His Wigan side were bottom of the Premier League after 23 games, five points adrift of safety. With little left to lose, Martinez switched to a 3-4-3. The Latics ended up winning seven of their last nine games, beating Liverpool, Arsenal and Manchester United. “In a year’s time, there will be a lot of teams playing a 3-4-3, believe me,” Martinez said, having lifted Wigan to 15th.
5. Recent interpretations: From Rodgers to Conte
He wasn’t far wrong. The back three has been seen with increasing frequency. Brendan Rodgers occasionally used a 3-5-2 during Liverpool’s 2013/14 title tilt, and engineered a run of 10 wins in 12 games a year later with 3-4-3. At Manchester United, Louis van Gaal was no stranger to the back three, but it was very much unloved.

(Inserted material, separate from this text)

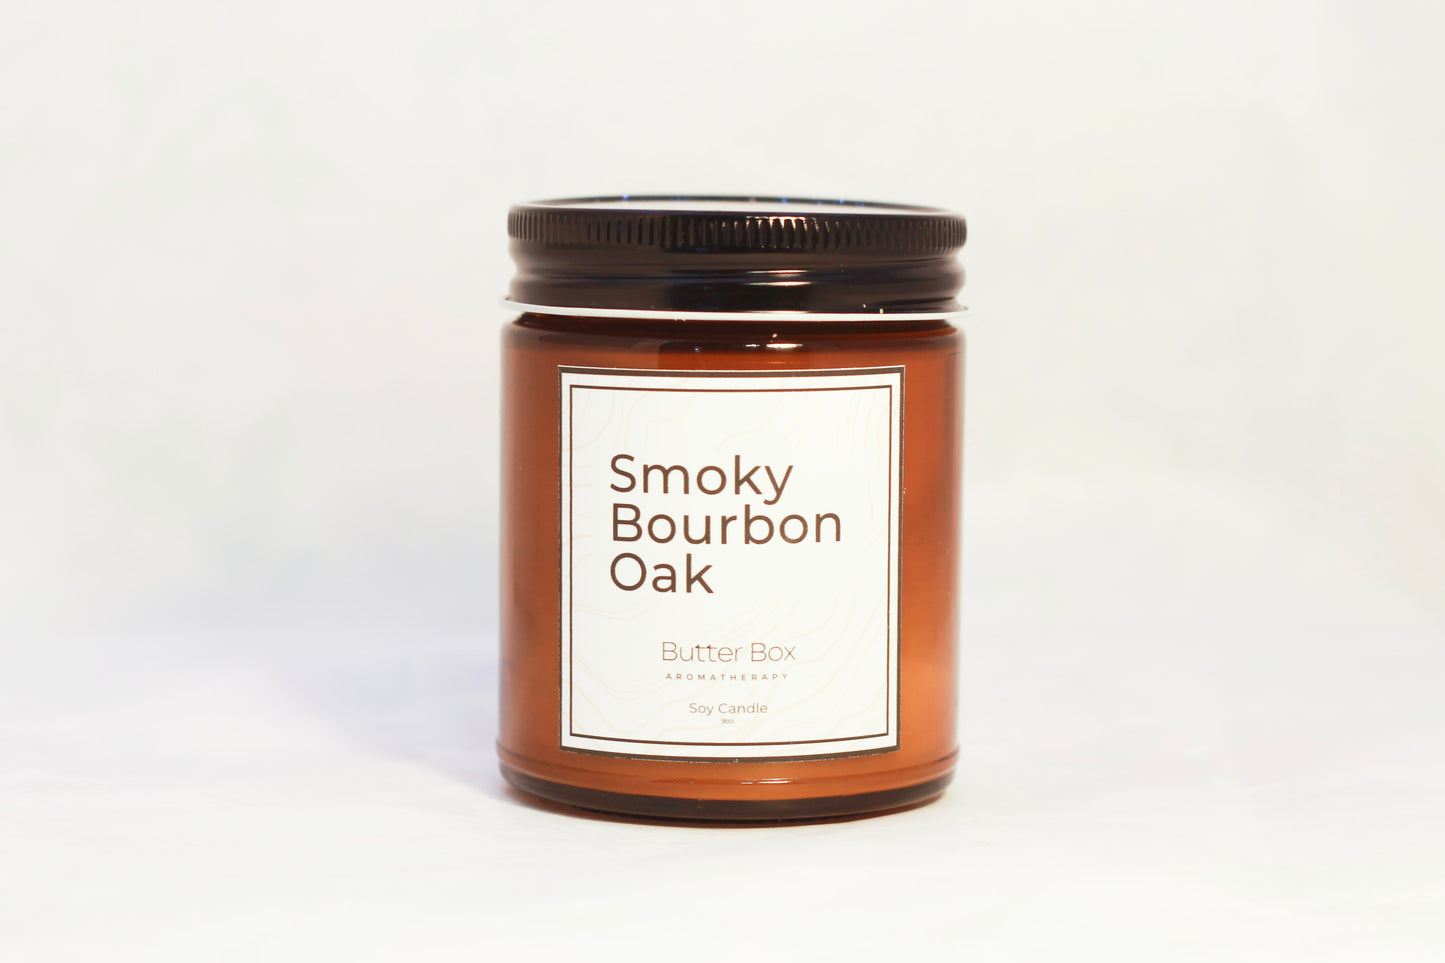 Smoky Bourbon Oak

This season, Guardiola, Ronald Koeman and Mauricio Pochettino are among those who have fielded similar systems. Still, the most successful version has been Conte’s 3-4-3, which has helped Chelsea to five straight wins without conceding, making the Blues candidates to become the first title winners to use a back three permanently. In their last game, opponents Everton weren't even allowed a shot on target. Graham would have been delighted.